Solid Q2 activity. Demand is broad-based, with Gen 3+ night vision, thermal monoculars and weapon sights, and integrated fire-control solutions all moving steadily. The notable trend is the closing of the performance gap between premium Western optronics and mid-tier Asian and Israeli offerings, which is putting gentle downward pressure on prices in the mid-market while leaving high-end military-grade pricing stable.
An often-overlooked category that has had a strong quarter. Tourniquets, haemostatic agents, tactical combat casualty care kits, field medical supplies, and the consumable end of the medical logistics chain are all moving at elevated volumes, driven by both active conflict consumption and the sustained increase in field-medicine budgets across allied militaries.
Naval trade is the quiet growth story of the quarter. Patrol vessels (OPVs, fast patrol boats, interceptors), mine countermeasures platforms, and associated sensors and autonomous systems are all seeing elevated tender activity. The Red Sea experience has validated investment in this area for every nation with a meaningful coastline or maritime trade exposure. Gulf buyers are particularly active, and European builders are carrying strong order books into the second half of the year.
Three categories where market activity is below what many predicted at the start of the year:
Main battle tanks. Despite the headline-grabbing programmes in Poland, Germany, and a handful of other markets, global MBT trade volumes in Q2 2026 are modest in deal-count terms. The programmes that matter are very large, but they are few.
Fixed-wing fighter aircraft. The fighter market is dominated by a handful of long-running programmes with multi-year delivery profiles. There is no meaningful new-buyer activity in Q2 that has not already been flagged in earlier quarters.
Heavy cruise missiles. The structural backlog and the limited number of approved export destinations keep this category's deal count low, even as strategic importance rises.
Taken as a whole, pricing across the actively traded defence categories in Q2 2026 is showing three distinct patterns:
The operational takeaways from the Q2 snapshot:
Act on the capacity-constrained categories now. If 155mm, integrated counter-UAS, or SHORAD are on your procurement roadmap for the next 18 months, placing orders and locking delivery in Q2 or early Q3 is significantly preferable to waiting. These categories are not going to normalise on the buyer's timeline.
Let the commoditising categories come to you. For handheld counter-UAS, tactical ISR drones, and mid-tier night vision, competition is working in the buyer's favour. There is no urgency to lock in pricing now; Q3 and Q4 will likely offer better terms.

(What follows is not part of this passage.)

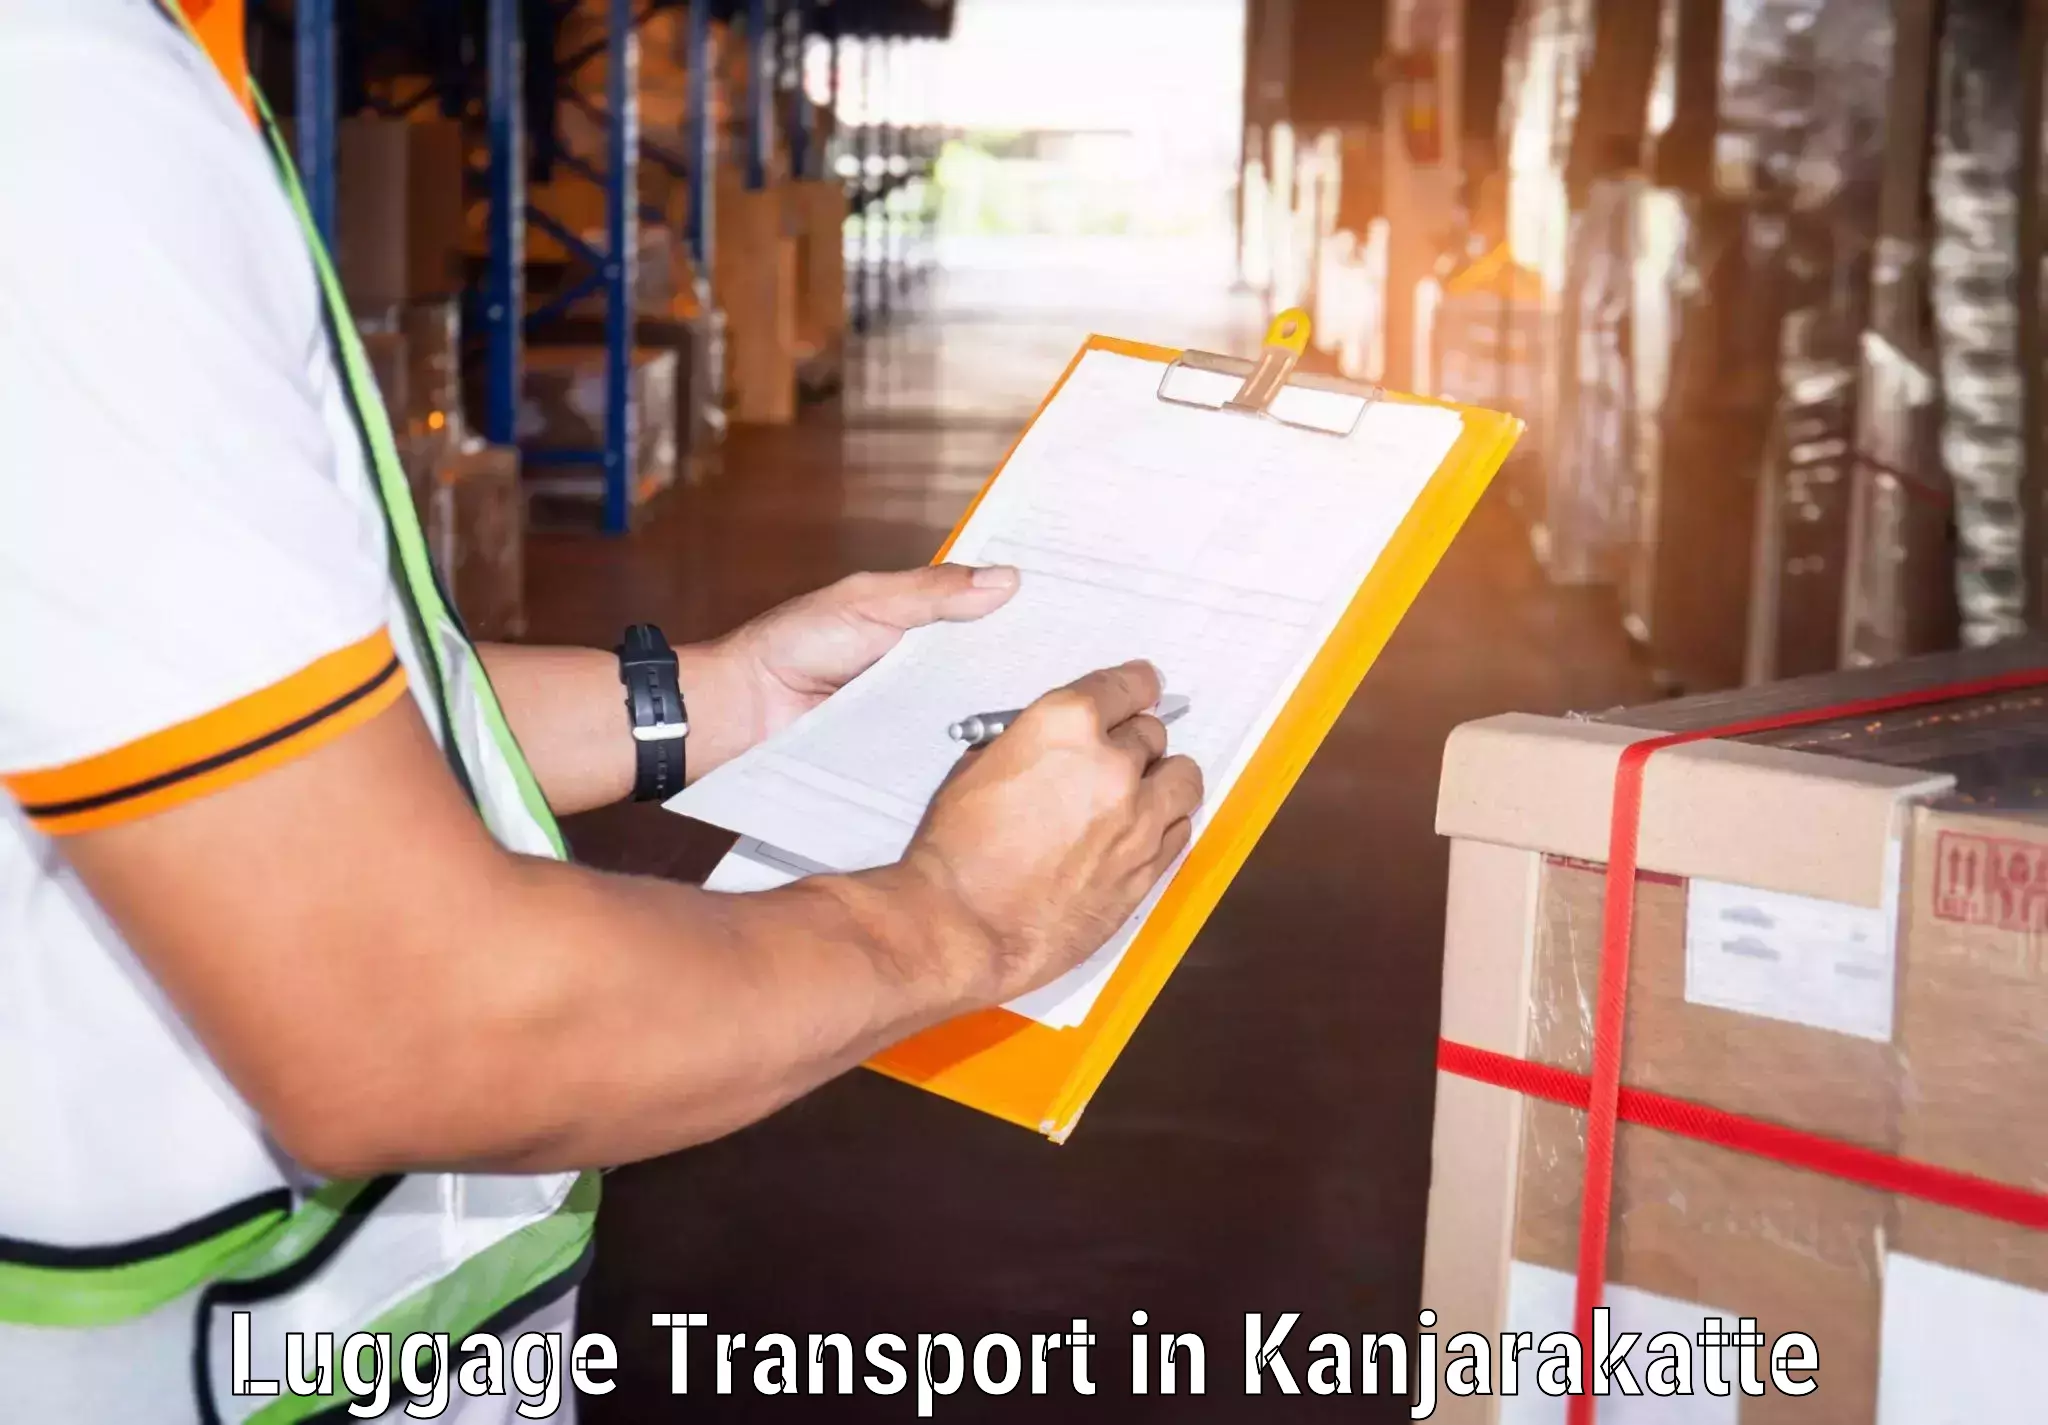 Luggage transport guidelines in Kanjarakatte

Diversify origin. The single biggest structural change in defence trade in Q2 2026 is the mainstreaming of non-traditional supplier countries. Turkish, Korean, Indian, Polish, UAE-origin, and Brazilian suppliers are winning share in markets that would have defaulted to Western origin two years ago. Buyers who have not built relationships in those supply channels are at a cost and delivery-speed disadvantage compared with those who have.

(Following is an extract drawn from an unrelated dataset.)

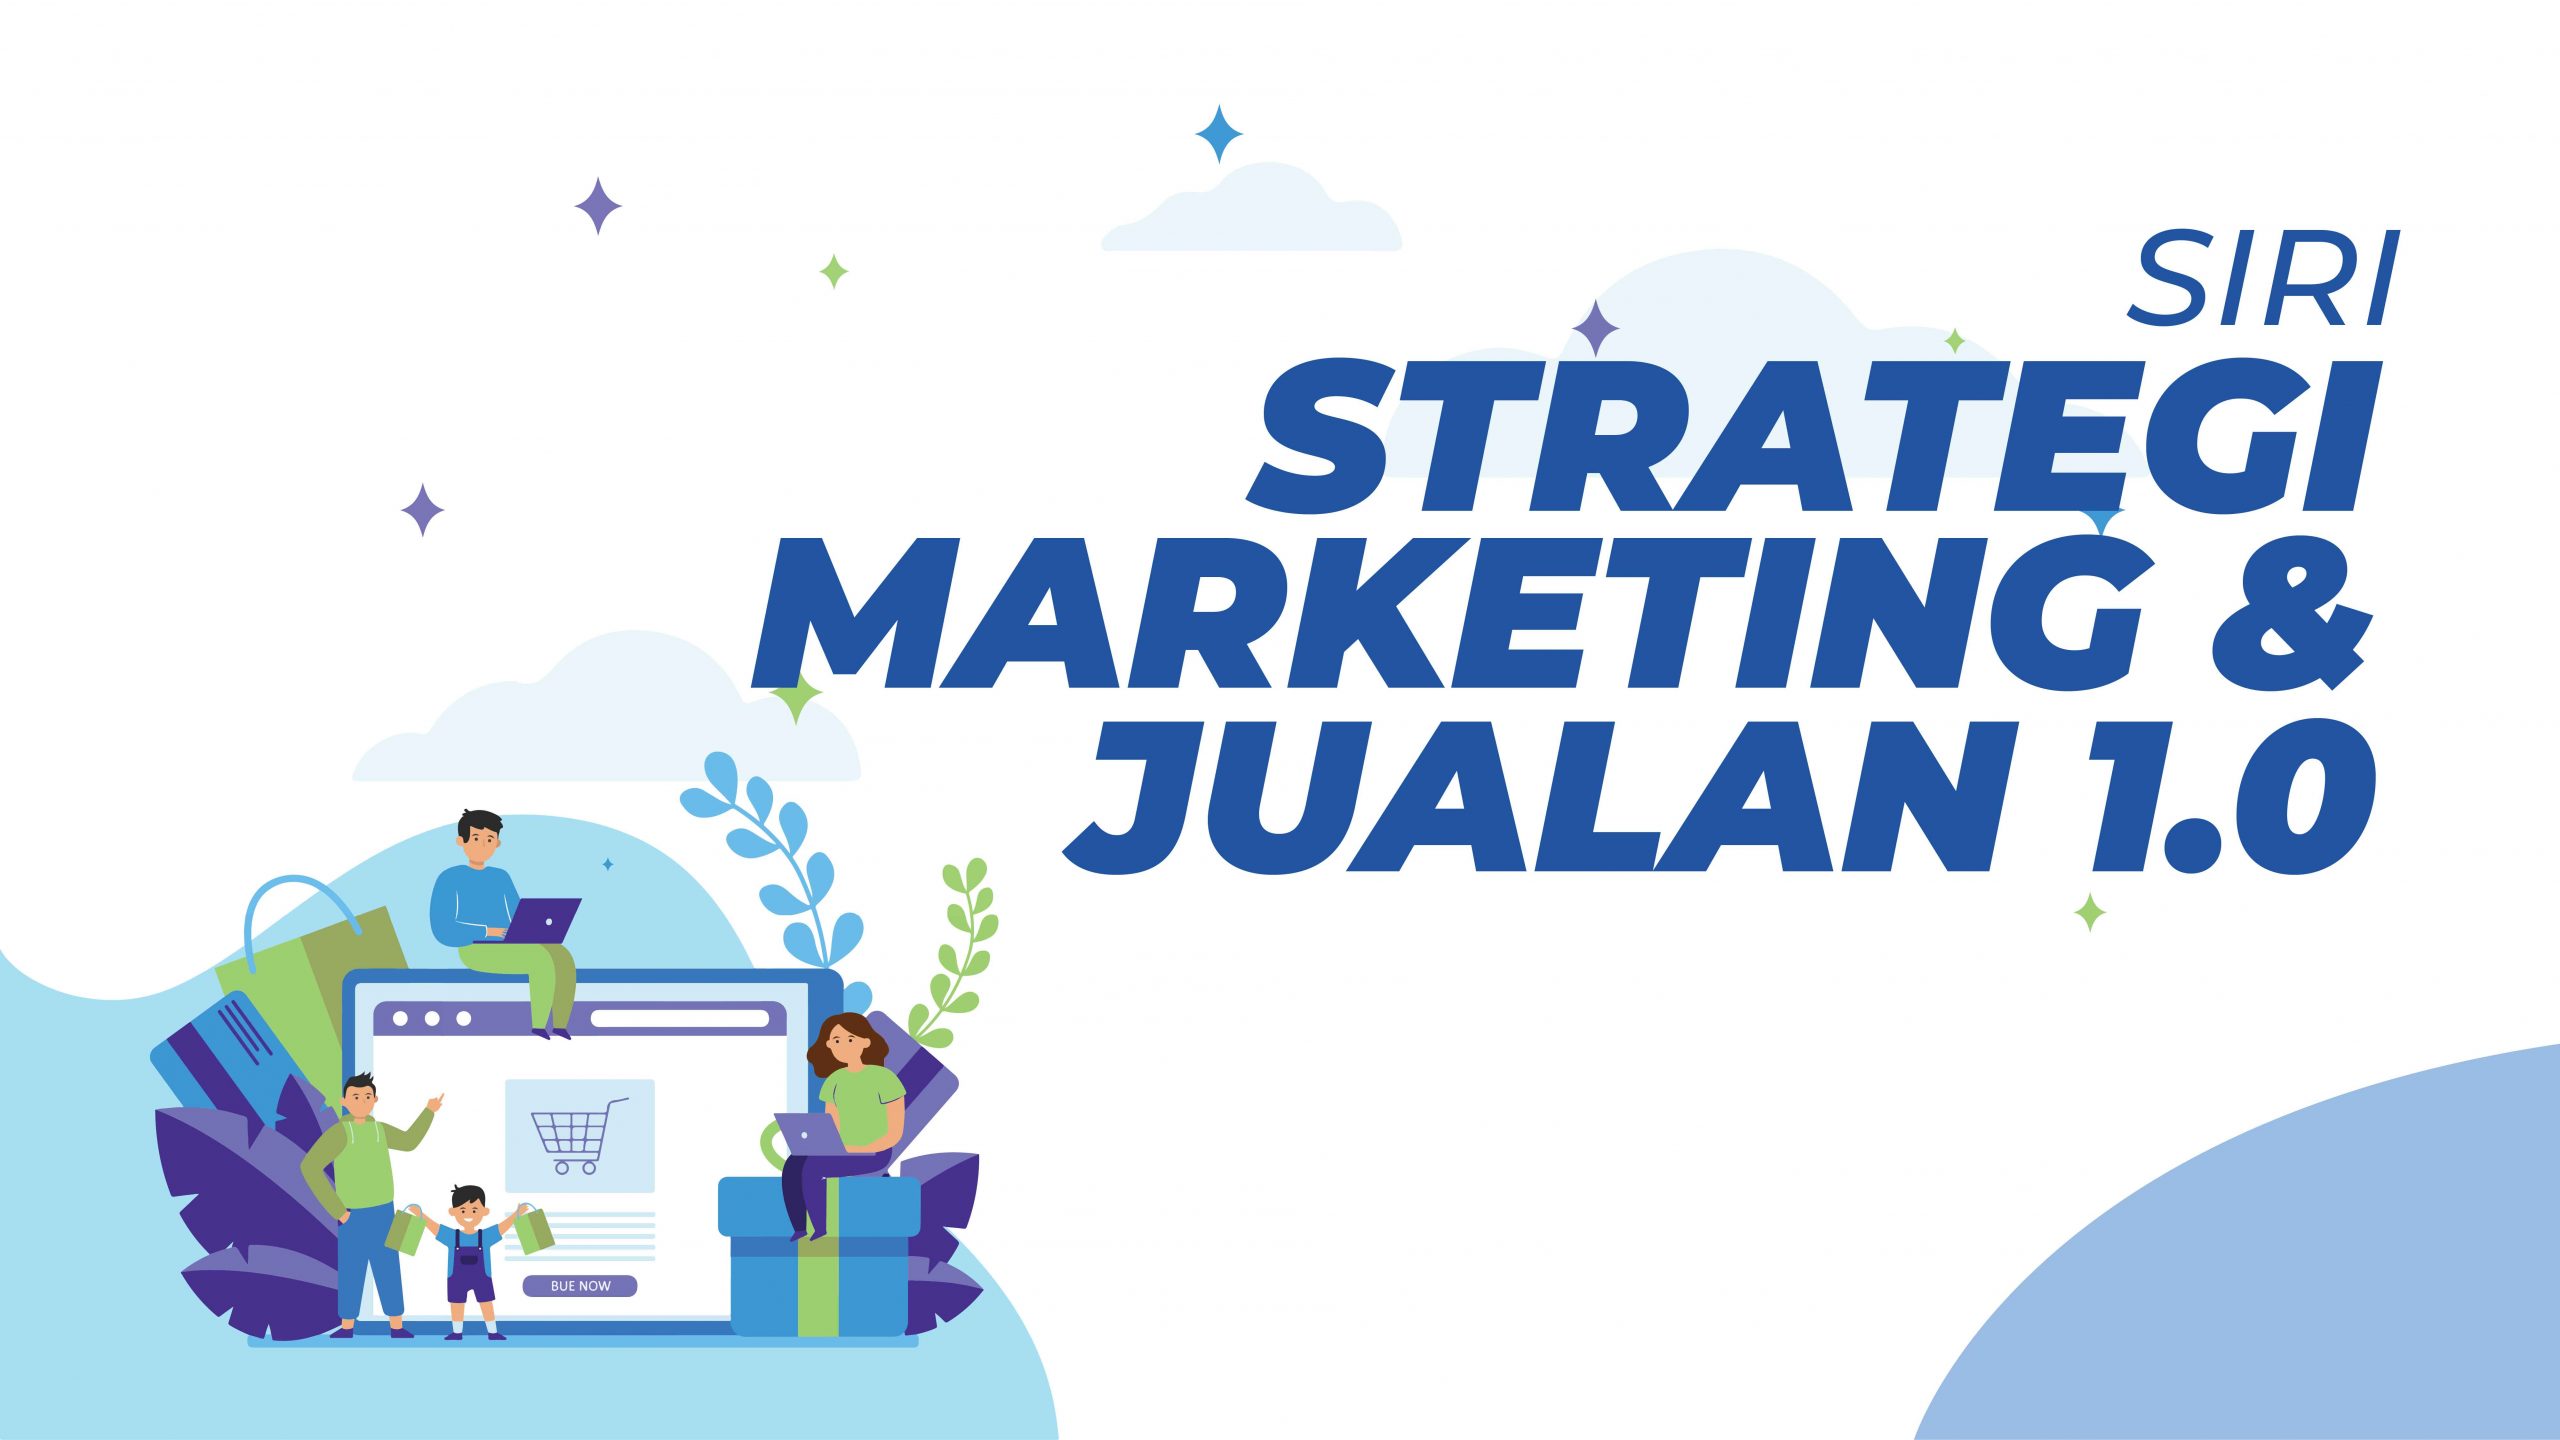 Siri Strategi Marketing & Jualan

Position for Q3 acceleration. As discussed in our Q3 recovery note, Gulf fiscal spending is expected to accelerate through the second half of the year. Trading houses and manufacturers with active positions in Gulf procurement should expect decision velocity to improve.
Q2 2026 is not a quarter of dramatic category shifts but of clear category reinforcement. The patterns established in the Ukraine and Gulf cycles continue to dominate: artillery, counter-drone, air defence, loitering munitions, and the infrastructure around them. The meaningful change is in the supply side — more origins, more capacity, more competition in the mid-market — and in the gradual stratification of pricing across capacity-constrained versus competition-driven segments.
For trading firms, manufacturers, and procurement offices, the message is straightforward: the broad demand picture is stable and elevated, the specific category dynamics are clarifying, and the advantage in the second half of the year will go to the organisations that know precisely which bucket each of their programmes falls into and adjust their positioning accordingly.